What's the best/fastest way to do this all in one shot?
I'll be using mostly #7 x 1-1/4, #7 x 1-5/8 square drive drywall
screws, and #8 x various length drywall screws. I may also use some
#6 screws.
I looked at the DeWalt taper bit and Lee Valley ones.
http://www.leevalley.com/wood/page.asp?page=32309&category=1,180,42240&ccurrency=2&SID=
Are taper bits they way to go?
Just keep in mind that if you're using drywall screws you are NOT
really cinching up your joint. Wood screws have a smooth shoulder on
the shank so all the bit is in the piece being attached "to" and the
piece being attached is chinched down. If you have threads the whole
length you aren't pulling the pieces together.
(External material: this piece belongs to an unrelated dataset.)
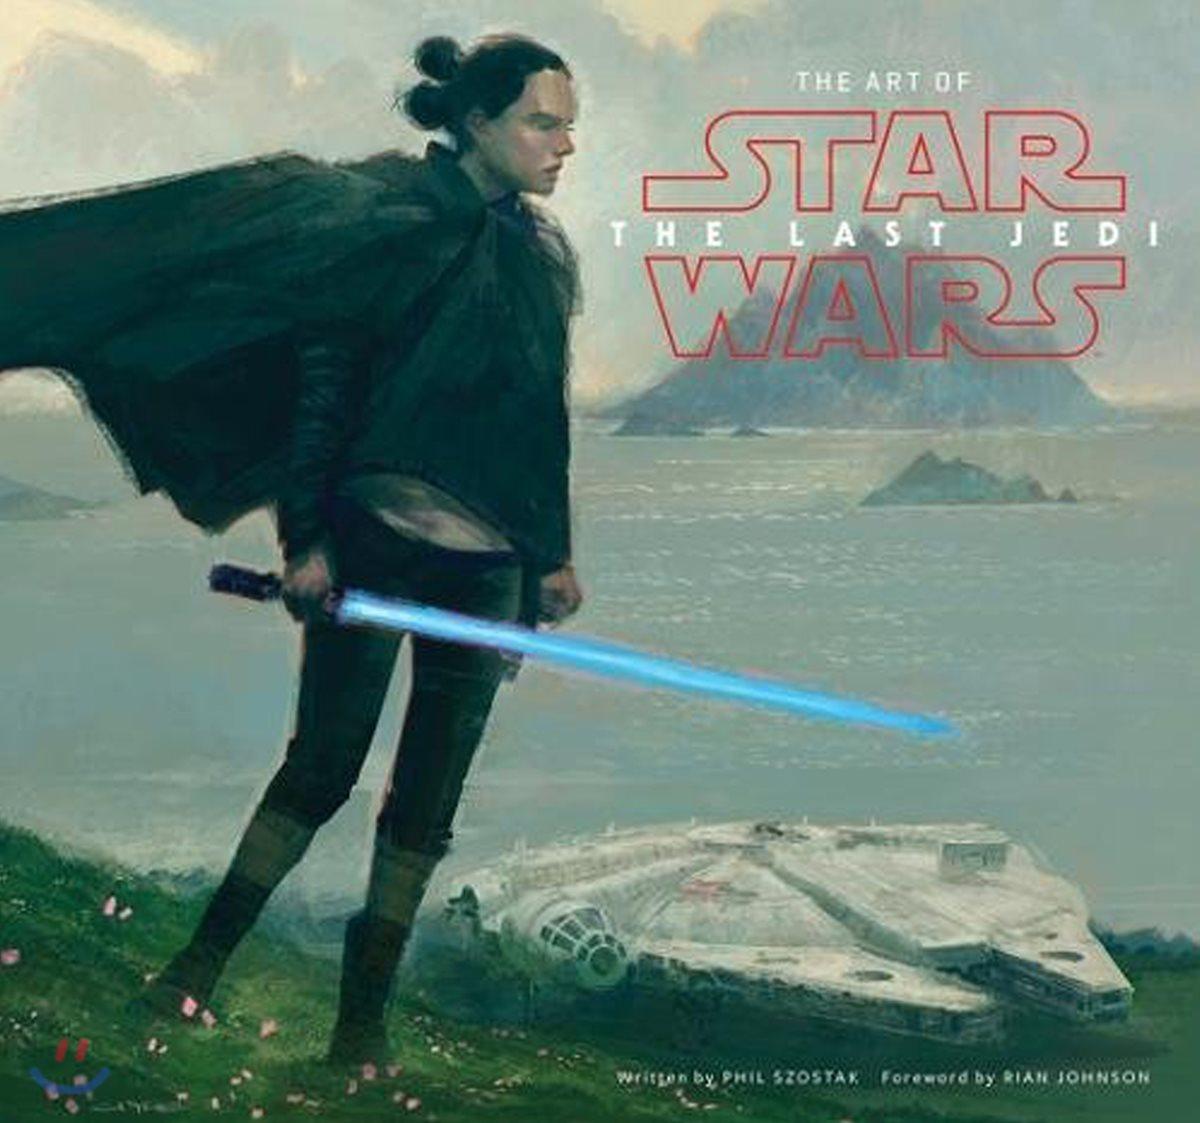 The Art of Star Wars : The Last Jedi : 영화 '스타워즈 : 더 라스트 제다이' 공식 컨셉 아트북

"SonomaProducts.com" <[email protected]> wrote in message
news:[email protected]...
> Just keep in mind that if you're using drywall screws you are NOT
> really cinching up your joint. Wood screws have a smooth shoulder on
> the shank so all the bit is in the piece being attached "to" and the
> piece being attached is chinched down. If you have threads the whole
> length you aren't pulling the pieces together.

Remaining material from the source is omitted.